No podía creerlo, pero allí estaba: el cuerpo de una sirena. Con su cola de pescado y todo. Y una peste a podrido horrible. Natural: tenía una raja en el cuello donde me cabía la mano. Estaba claro, la habían asesinado. Otra cosa es quién coño la mató. Y qué hostias hacía el fiambre de una sirena en una ciudad de interior. Y por qué cojones estaban sucediendo los casos más raros en la tranquila villa de Clalaxta, a donde pedí el traslado huyendo de la Gran Ciudad. Otra cosa me quedó clara aquella fría mañana de noviembre: la mala suerte era una sucia ninfómana que me perseguía toda la vida.
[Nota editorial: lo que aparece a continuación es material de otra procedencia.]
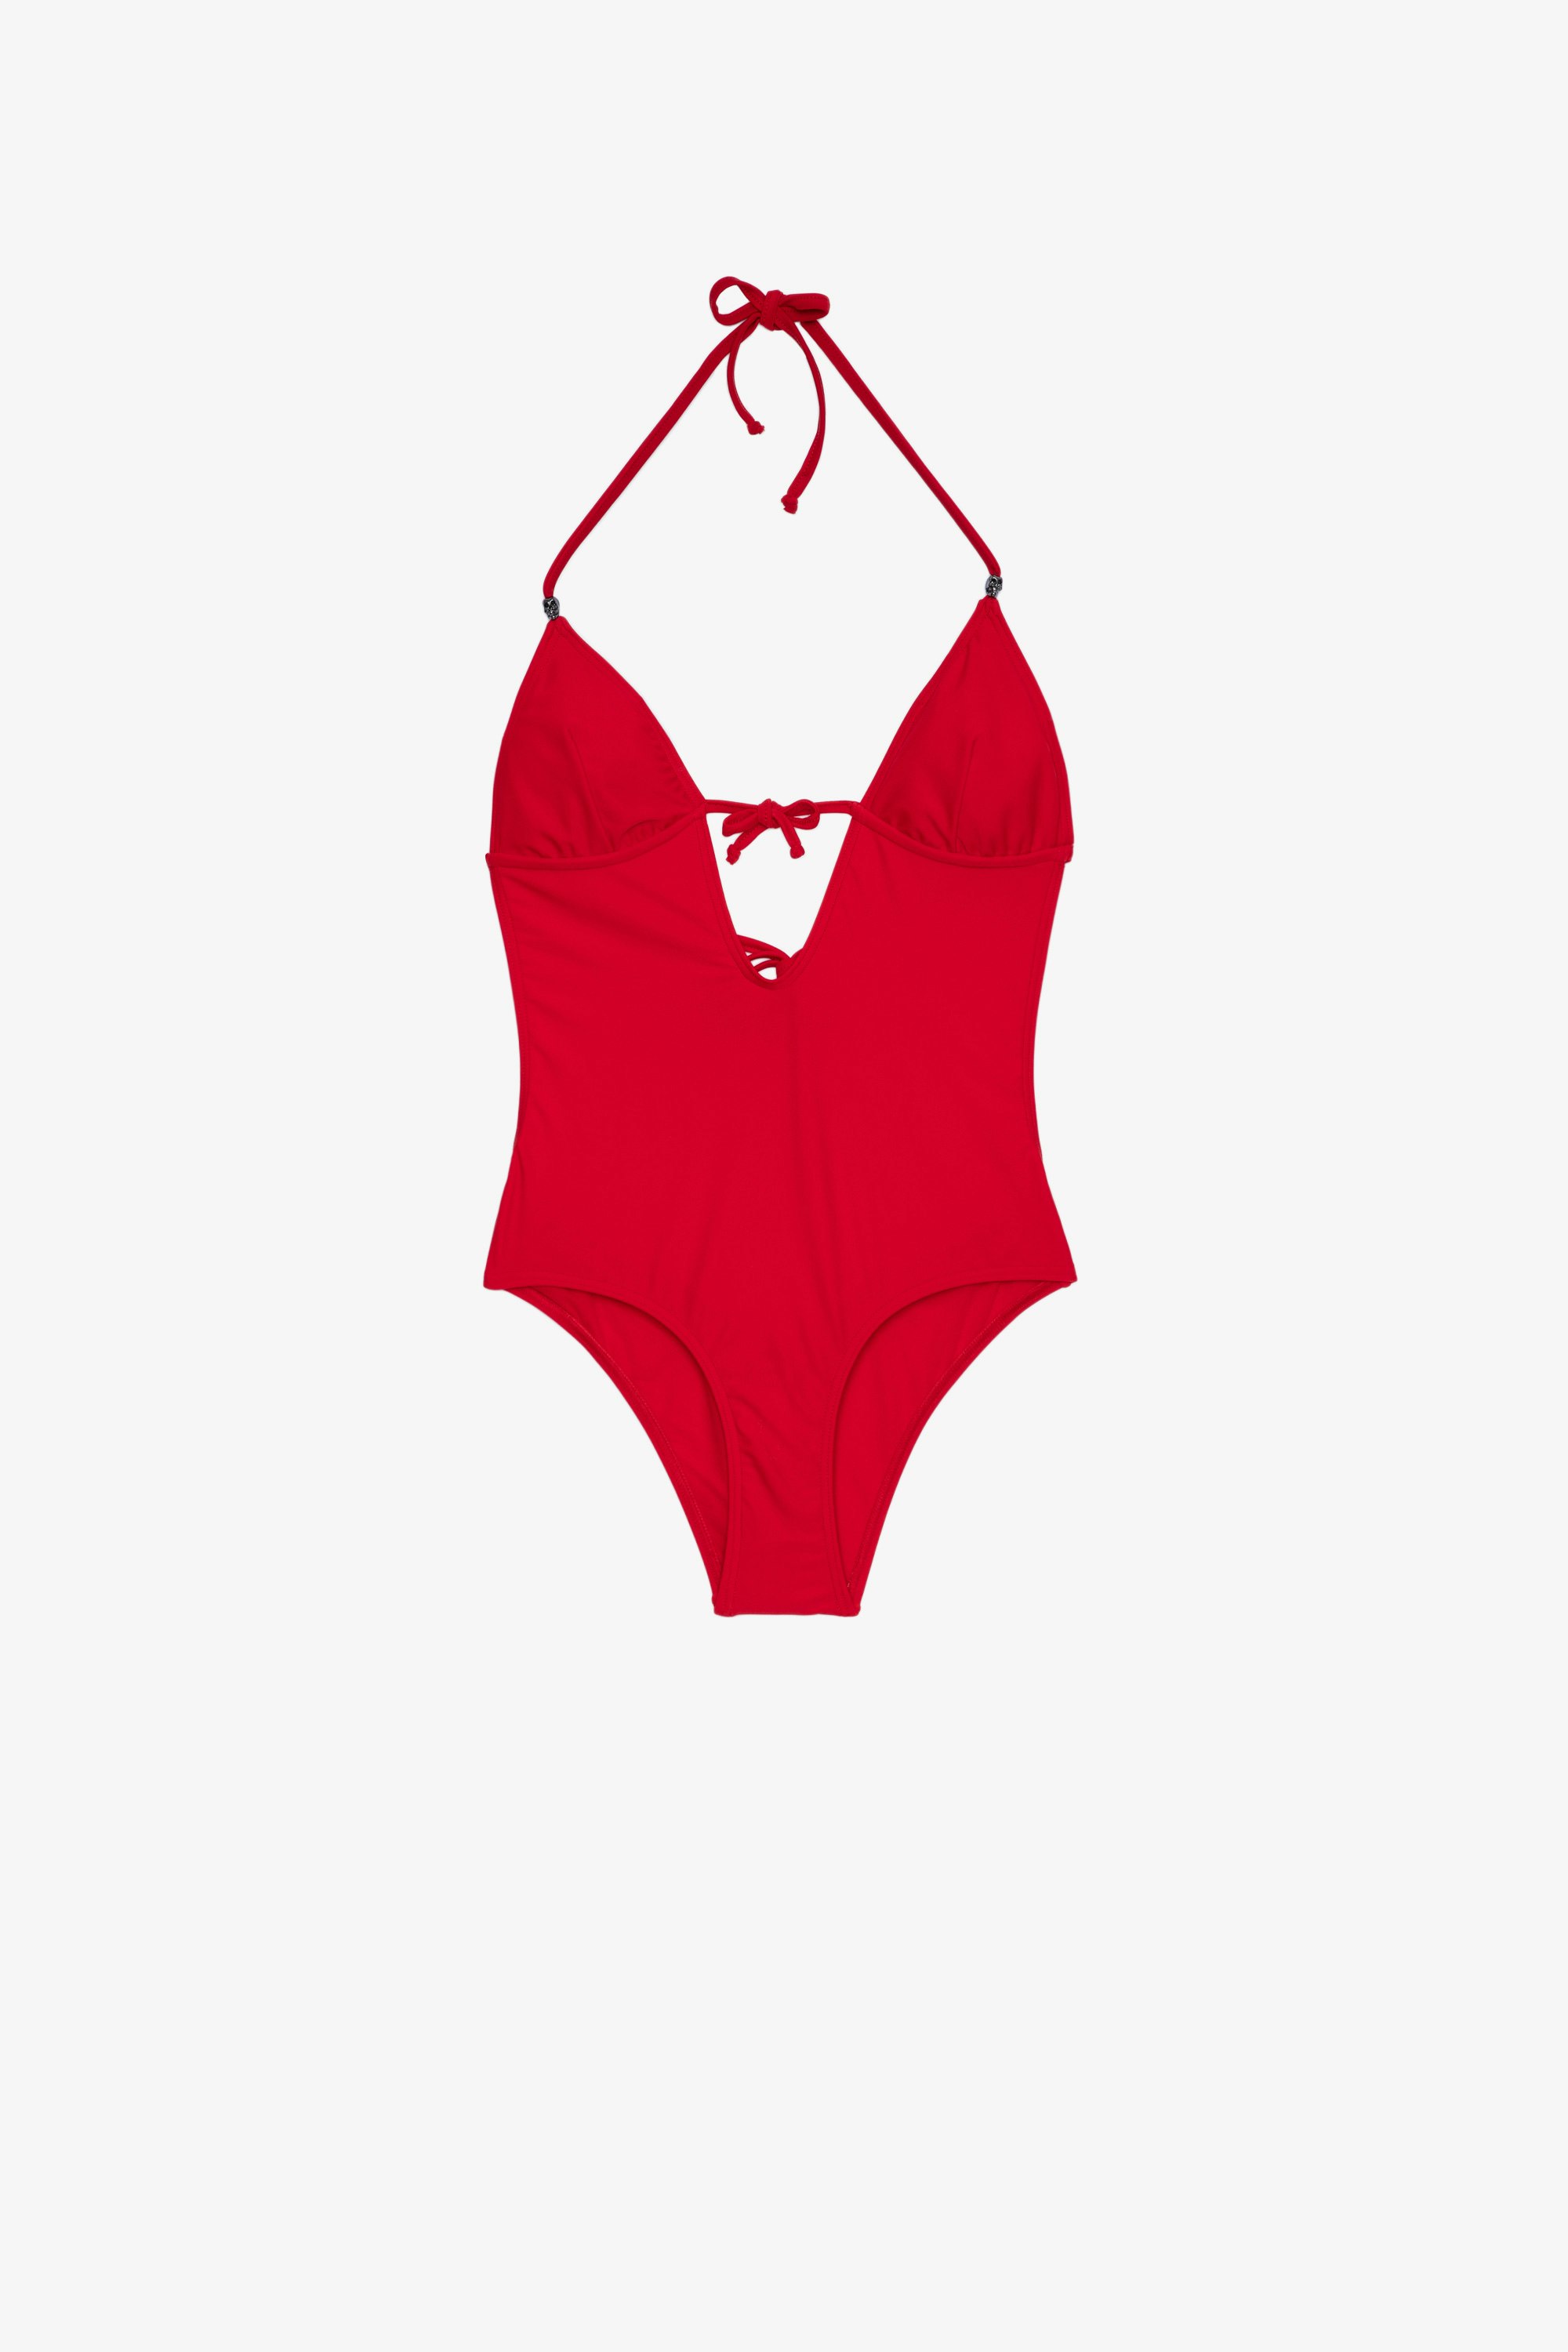 Skull swimsuit 1-piece women's swimsuit in red

Hay que joderse.
Me presento, me llamo Dante Martínez. Sí, han leído bien, Dante. Mi padre era un hippie enamorado de “La Divina Comedia” y no se le ocurrió otra cosa que endilgarme el nombre del autor, como si eso me fuera a contagiar su genialidad. Tiro equivocado: me hice poli. Hace ya bastantes años mi padre se suicidó. Se pasó varios días sin tomar su insulina y comiendo caramelos de fresa ácida. Sí, sí, nuevamente han leído bien. En resumen, mi padre era un hippie diabético que se suicidó a base de caramelos y que me puso el nombre de un italiano de hace siglos. Perdonen que no aplauda.
Pues bien, este Dante Martínez se hizo madero y fue subiendo escalones dentro de la policía en la Gran Ciudad. Pero un divorcio, tres disparos y un amago de infarto me hicieron plantearme cambiar de aires. Así que con mi recién conseguida plaza de inspector jefe pedí el traslado a una ciudad de provincias, con aire puro, montañas y todo eso. Y sin la mierda de la capital. No me sentaba bien recibir disparos, soy un flojo. Y, mira tú por donde, desde hace varias semanas en Clalaxta comenzaron a aparecer cadáveres, como si la mierda me persiguiera.
Y para acabar de joderlo todo, los cadáveres más raros que había visto nunca.
Y les aseguro que tengo los huevos pelados de ver fiambres.
Un buen día, justo cuando estaba comenzando mi primer litro de café descafeinado del día, entró Romerales, mi ayudante, presa de los nervios.
-¡Jefe!¡Jefe! ¡No se lo va a creer! ¡Hostia puta! ¡No se lo va creer!
-¿El qué no me voy a creer? ¿La ONU sirve para algo?
Romero soltó una risita nerviosa, como hace cada vez que suelto uno de mis chistes pésimos, y siguió con su verborrea:
-No, no, ha aparecido un cadáver, ¡un cadáver! Y en medio del pueblo, ¡en el Portal Caballero! Y es un asesinato...!
Bien, Romerales se me excitaba por una mierda de asesinato. Estos novatos se contentan con nada.
-Bien, vamos para allá. ¿Han avisado al juez? ¿Está allí la científica?
Romero comenzó a cabecear.
-No, no, entiende nada, jefe. Lo bestia es la víctima, no el asesinato en sí...
-¿Se han cargado al alcalde? –dije yo sin poder disimular mi alegría, ante la posible pérdida de tan digno y honorable capullo.
-Nonoononoooo..!! Es... algo... no sé cómo decirle, algo... más extraño...
-Al grano, Romero.
Tragó saliva y lo soltó.
-Es un ángel.
Y Romerales no había bebido. Bueno, sí había bebido, pero no lo suficiente. Porque efectivamente, entre dos columnas del Portal Caballero había un jodido cadáver de una especie de niño con alitas. Y con dos disparos en la frente. Como para seguir vivo. Como para pedir el puto retiro.
Pero mi pensión sería demasiado pequeña de jubilarme ahora, así que seguimos adelante.
Eso sí, más perdido que un eunuco en una orgía.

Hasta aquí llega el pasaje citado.